Right, the point is inflation is the issue, not solvency or sustainability. But critics of deficit spending never even attempt to quantify the inflationary aspect.

Instead, they seem to focus on ‘money supply’ for their inflation forecasting and ‘inflation expectation’ issues, both of which are not causal, but that’s another story.

>   
>   Under #2, I think the rhetoric about do we have to send goods and services back
>   in time to pay for historical debt is a red herring and not applicable (and I’m not
>   surprised the Senator couldn’t really say much about it off-hand while his wife ‘got
>   it’). It’s the debt servicing that people worry about, and that is in current terms
>   (no time machine required). However, the thesis of gov’t checks not bouncing
>   speaks to how the debt can be serviced.
>   

yes, and that distribution is entirely in the hands of the living who are in no case ruled from the grave.

>   
>   Paying off China — to book a Treasury Note sale, the gov’t on its own books would
>   debit cash (for the receipt)

yes, and the Tsy’s account at the Fed is debited. right now we have a self imposed constraint that says the tsy’s balance at the fed can’t be negative.
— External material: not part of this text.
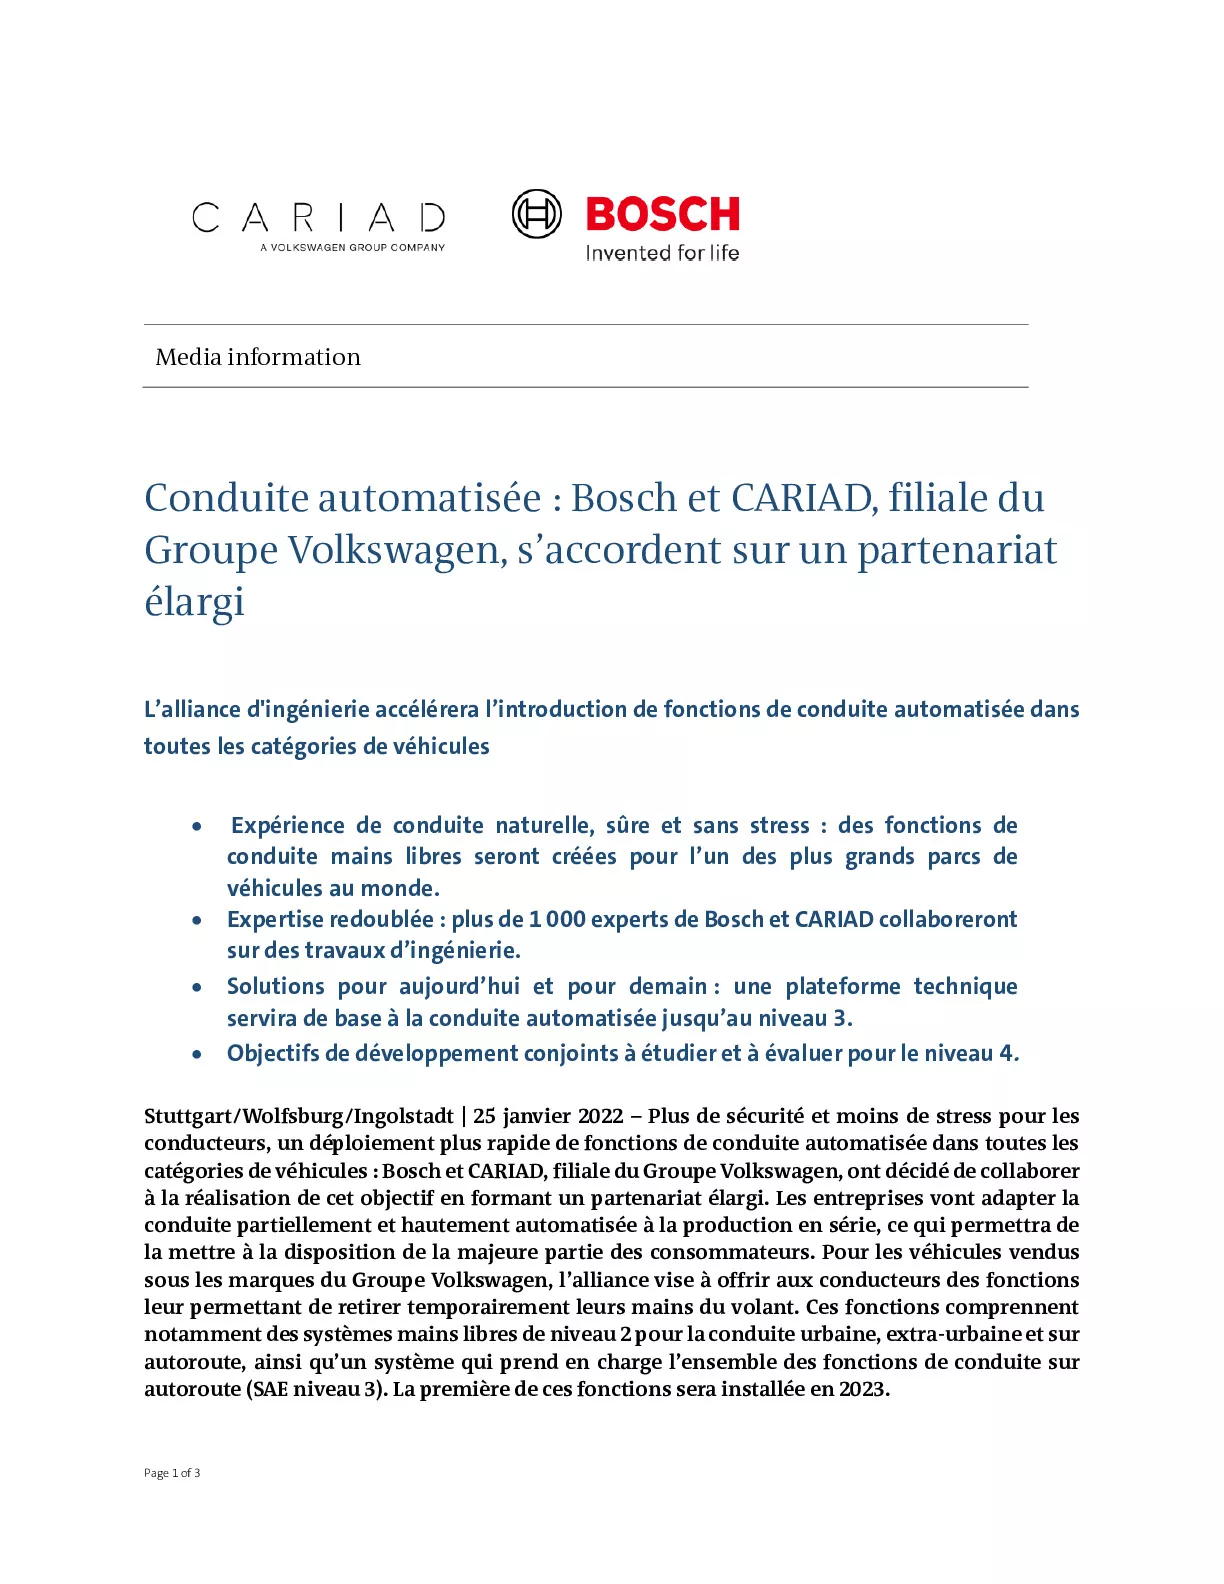 22_01_25_Conduite automatisée Bosch et CARIAD filiale du Groupe Volkswagen saccordent sur un partenariat élargi 002-pdf

but that is not an operational constraint, just a self imposed constraint

>   and credit the liability (to book the obligation).

again, via the Fed.

>   The buyer’s accounts mentioned wouldn’t really be booked by the gov’t I don’t think,
>   but I get the point.

the buyer’s funds go to the fed where they are ‘accounted for’ as owning the securities.

>   
>   #3 and #7 go together in what is really being discussed is the use of leverage
>   (spending more than what you have). As long as the discussion stays at the macro
>   level, that’s fine as the gov’t can just keep printing money (again, ignoring any effects
>   of inflation).
>   

and by printing you mean simply ‘spending’ as that’s all there is- changing numbers on bank accounts. using the word ‘printing’ rather than ‘spending’ is used by the mainstream to color thinking in a fixed fx direction that no longer is applicable.

>   
>   But, it is quite a slippery slope to intertwine micro-level examples such as a hybrid car
>   factory and such as once you leave the gov’t level, leverage can have catastrophic
>   results (see the current deleveraging in the economy and how that’s affecting people on
>   a micro level). All this is fine as long as you have no monetary constraints, but for anyone
>   with no access to a US$ printing machine, it falls apart.
>   

Included with my 3 current proposals to reverse the current situation is the govt funding an $8 hr job for anyone willing able to work.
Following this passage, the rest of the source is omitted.